The governor, a bunch of California CEOs and some lawmakers aligned themselves outside the Capitol this morning – squinting, sweating and soaking up cancerous sun rays – and showing how excited they are to fight for health care reform.
It’s Safeway CEO Steve Burd’s Jet-Setting CEO Show. Earlier this week, he was in Washington D.C. promoting the Coalition to Advance Healthcare Reform. (Here’s a San Diego Union-Tribune story about Burd and his coalition).
Joining him today was Del Monte Foods, BumbleBee Foods, Long’s Drug Stores and a smattering of other big businesses. Altogether, nearly 40 corporations – including a number of insurers (except Blue Cross) have signed on with Burd to campaign for health reform.
First thing’s first. We’re glad that after years and years of fighting and disagreeing with us, California’s deep-pocketed CEOs, agree that we need to fix health care and make sure people can lead healthier lives, and get the health care they need, when they need it.
We appreciate that one of the coalitions core tenets is “Financial Assistance for Low-Income Individuals” and encouraging healthier lifestyles. We’re all for that.
But (you knew there had to be a “but”) I want to quibble with a few of their assertions and kvetch a bit.
First, Burd said “25% of the uninsured have the financial wherewithal to pay for insurance.’’
I’m not sure where he gets his numbers.
Judging from the latest California Health Interview Survey, if everyone who is currently uninsured and made more than $50,000 a year purchased health care, we could cross off 18%. That’s significantly below the “quarter of the uninsured’’ that Burd talks about. And we can’t really assume that all 18% can afford coverage. A number of those are families who have children. A family, with an income of $50,000 in Oakland, is unlikely to be able to afford health coverage. Backing out the families with kids, we’re down to 14%.
Secondly, many of speakers referenced the role that individual responsibility plays in leading healthy lifestyles. In particular, the CEO of Del Monte Foods talked about nutritious eating to ensure that people live longer.

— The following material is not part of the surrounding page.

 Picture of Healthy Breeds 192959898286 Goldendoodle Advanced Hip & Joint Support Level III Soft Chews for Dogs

I think that’s a fabulous idea — but since when is canned fruit (steeped in sugar) a health food? Del Monte’s pear halves contain more than twice as many carbohydrates and nearly twice the calories as the same fresh piece of fruit (I’m an obsessive calorie counter). Of course – canned fruits are also less expensive – which will be part of my point.

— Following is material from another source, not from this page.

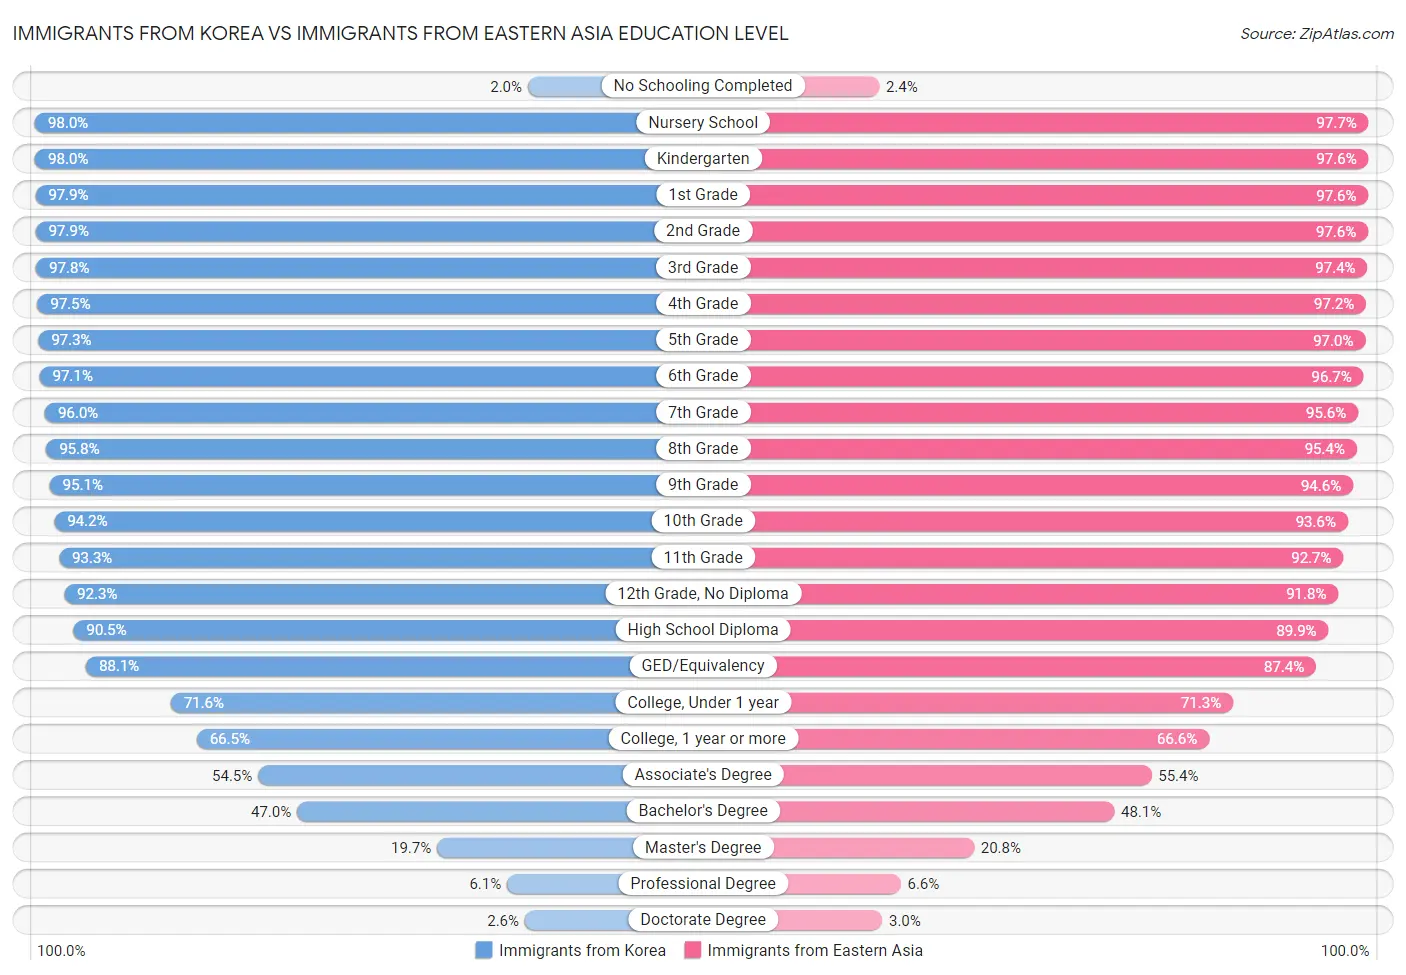 Immigrants from Korea vs Immigrants from Eastern Asia Education Level

Really, though, the point these CEOs are trying to make is that diabetes, heart disease, asthma and obesity (the biggest cost drivers in health care) are easily preventable if people take responsibility and take care of themselves. That means exercising, taking your meds, seeing the doctor when you’re supposed to, etc.
First off, a lot of what determines whether or not you get one of these chronic diseases is genetics. So, if I could have chosen a father who doesn’t have heart disease and diabetes (my father is 130 pounds, a tennis player and hiker, NOT overweight), that would have been the best way for me to exercise prevention.
But many people are able to manage their diseases with healthier living…
….That assumes, though, that struggling families, who are considered middle-income, have time after working two jobs to exercise.
…That assumes that you can afford to buy or rent a house far from the carbon-spewing industrial areas, further from the freeway, away from fields where they are spraying pesticides (or even away from Fresno, where Bay Area smog rolls in)
…That assumes that you can afford fresh fruits and vegetables, not ones preserved in cans.
…That assumes that your neighborhood is safe enough for your children to actively play in the streets, and walk to school.
…That assumes that you can afford the regimen of drugs, inhalers and follow up visits that are required to manage your disease.
(** Note: while plans say they cover 100% of “preventive” care,
they don’t mean managing chronic diseases, although covering chronic disease is a new “phenomenon” that is written about in this WSJ article that I blogged about yesterday)
If CEOs are going to insist on individual responsibility, the other pieces (government and employer and corporate responsibility) need to be a piece of the solution too.
I was disappointed that Burd didn’t come out and definitively say — as he has in the past — that an employer mandate is necessary and 4% contribution from employers is too low. This is an important point because without being in an employer-pool, workers making $15 an hour ($30,000 a year) would have to go out and buy insurance on their own at exhorbitant rates.
Again, I do appreciate that big business is pushing health reform and annoying some of their smaller compatriots.
But loosely saying that “the market” should be allowed to work, when it hasn’t been controlled thus far, is no longer enough. Emergency rooms are packed to the gills and sick people are dying because they can’t get in.
We’ve been talking about health reform for decades, it’s time to get specific and move forward.